Tuesday, May 9, 2017

Kafka on the Shore

Dunia Kafka, translated to Indonesian from Kafka on the Shore, is the first novel I have read by Haruki Murakami, and I can definitely say that it won’t be the last. Why the title was translated as Dunia Kafka (Kafka’s World) rather than Kafka di tepi Pantai, I don’t know. Frankly, I think the latter sounds kind of poetic, aside from being a literal translation of the original title. In any case, that’s a small point.

This is the sort of novel that one very rarely sees these days. We used to call this sort of thing “literature”. And it is awfully good to see it again in the dry desert spanning decades of mediocrity and downright tripe.

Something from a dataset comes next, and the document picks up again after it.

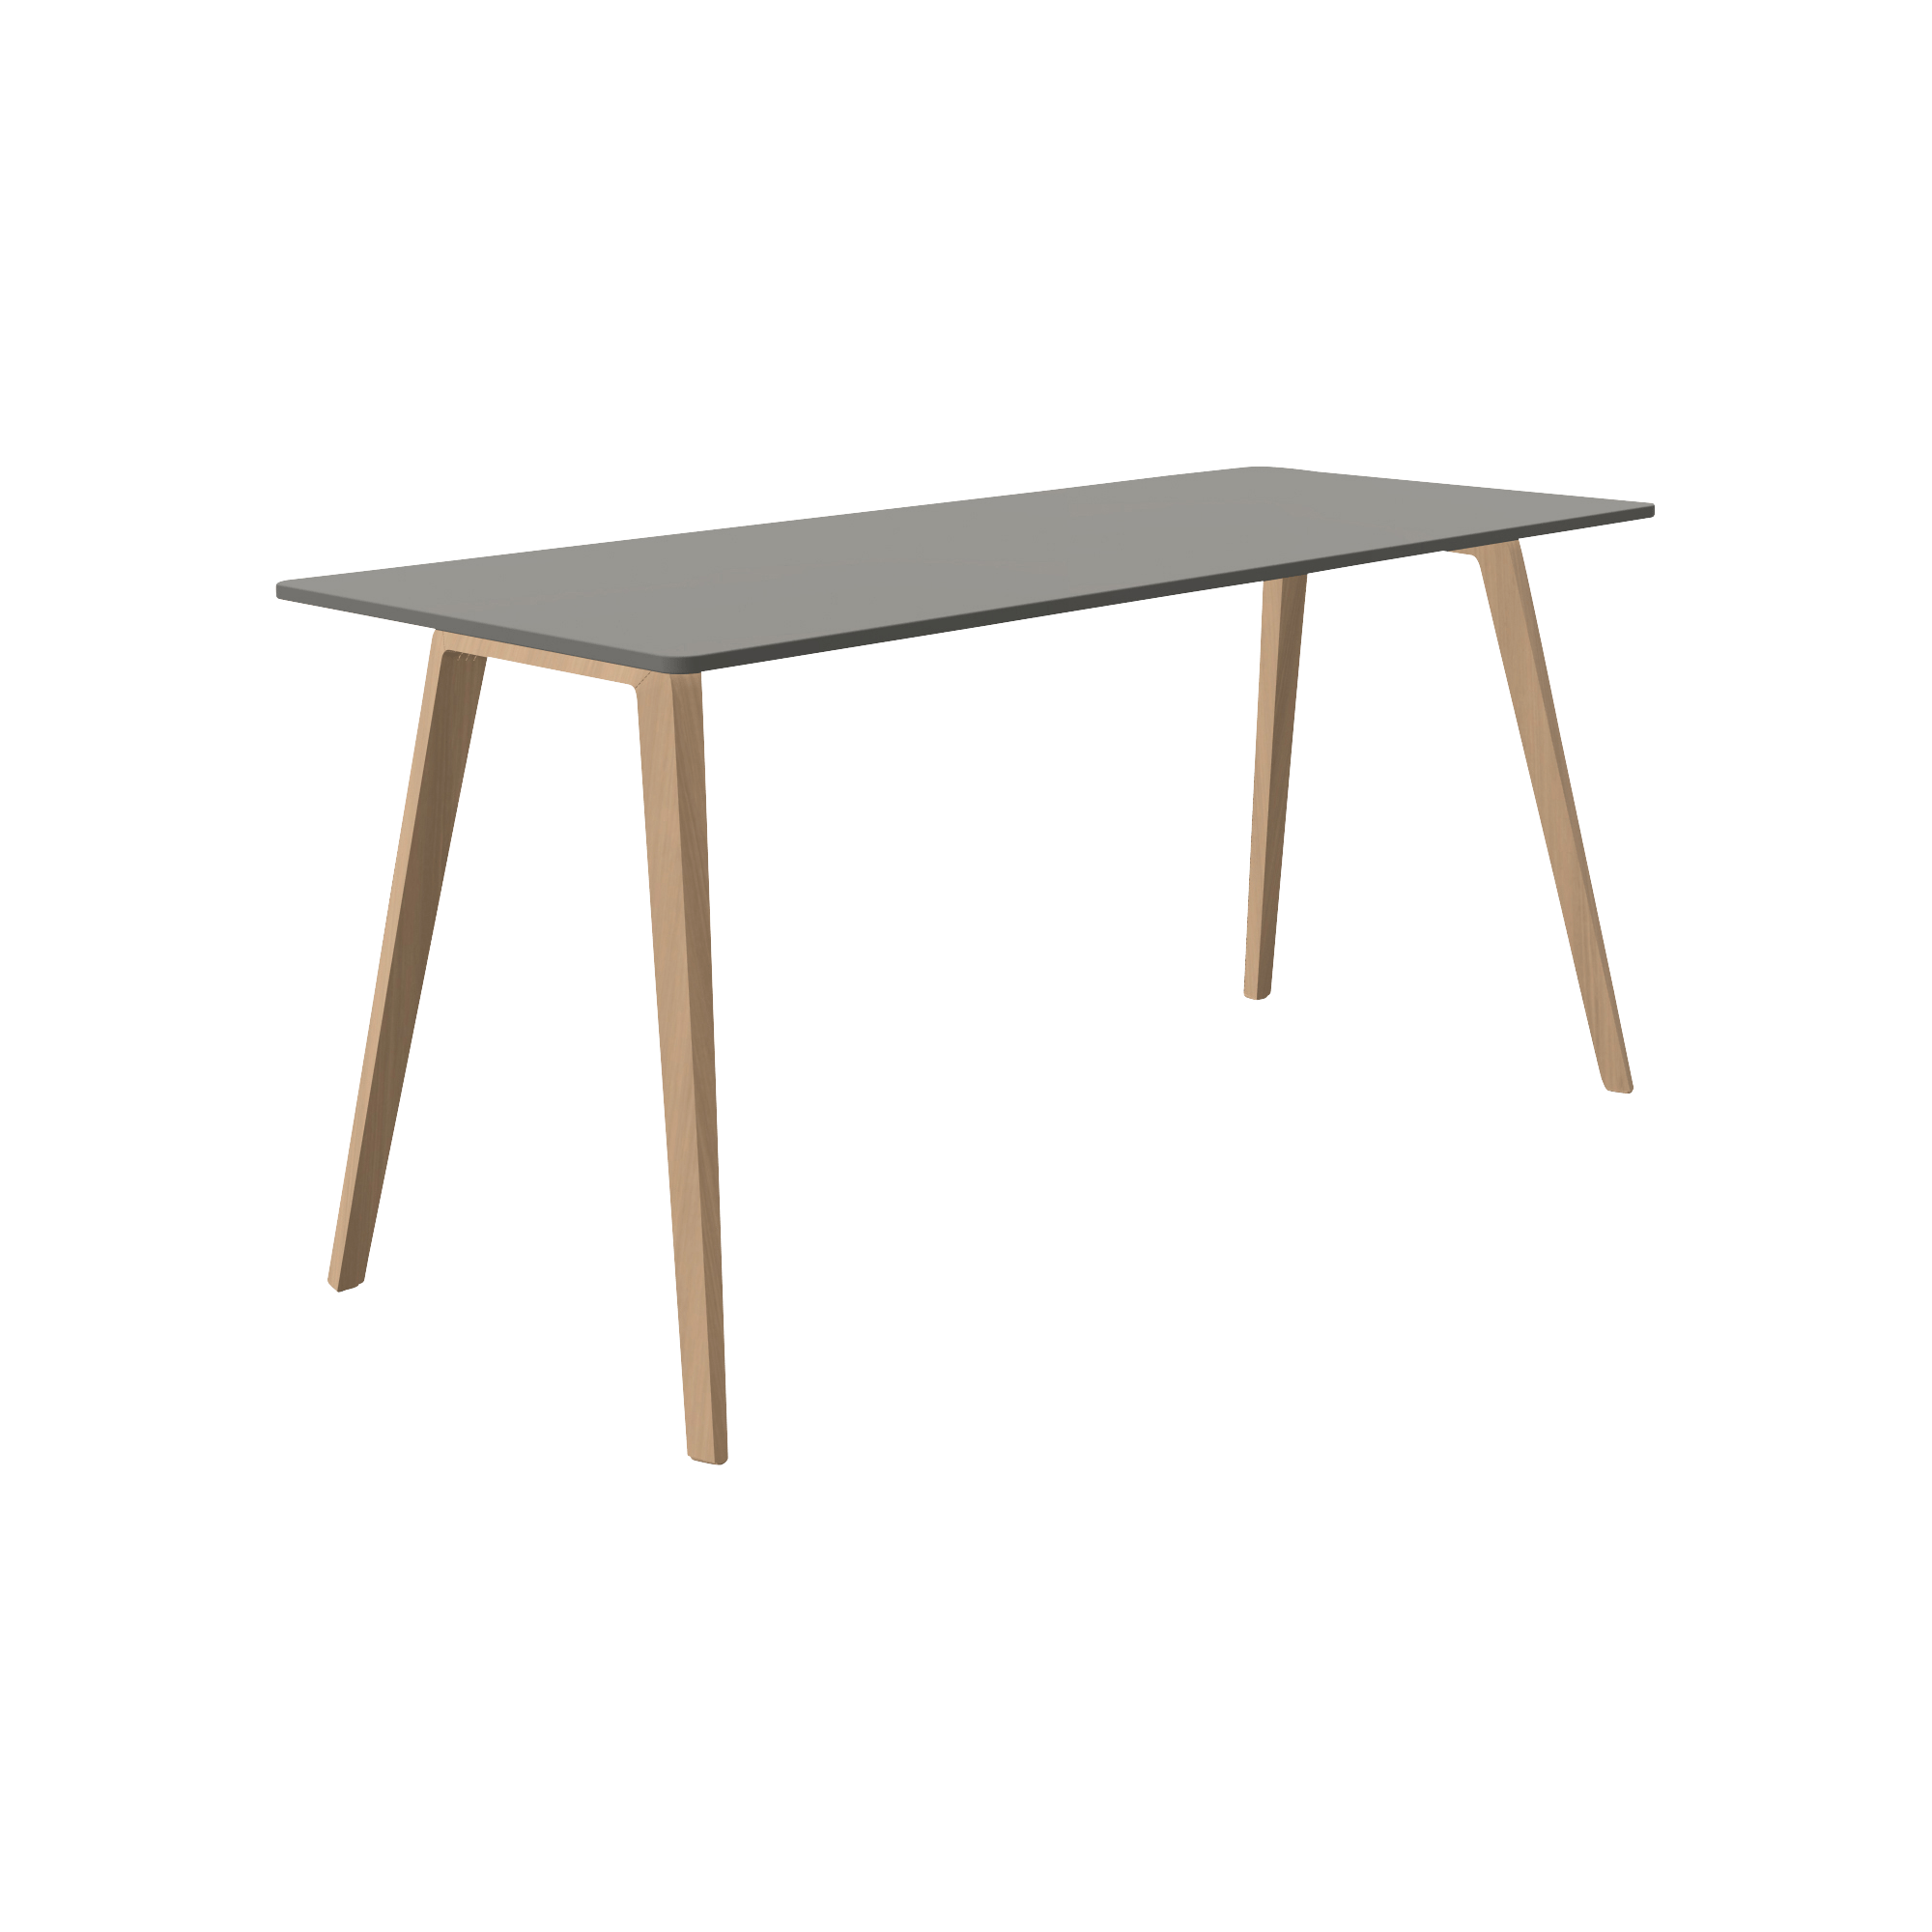 Grey, mid length rectangular table with 4 wooden legs

This is more than a story. It’s a vision. It is a complete and authentic invention, an exploration of life itself, of meaning, of spirit, of the elusive, fragile fabric that touches the deepest, most fundamental aspects of the human psyche.

This novel pulls you in like a sliver of light from a doorway ajar. You push the door further, peer into the room, confront the uncertain play of light and shadow, and beyond what can be seen, proven, expressed, you sense the invisible, the labyrinthine world that lies beyond, filled with the perplexing coincidence of love, longing, remorse, rage, mystery, miracle and transcendence. Herein, the gates of heaven and hell are both wide open.

An elusive sort of introduction, I suppose, but offered with an assurance that this singular work of art will not disappoint the reader who loves the experience of what literature is meant to convey.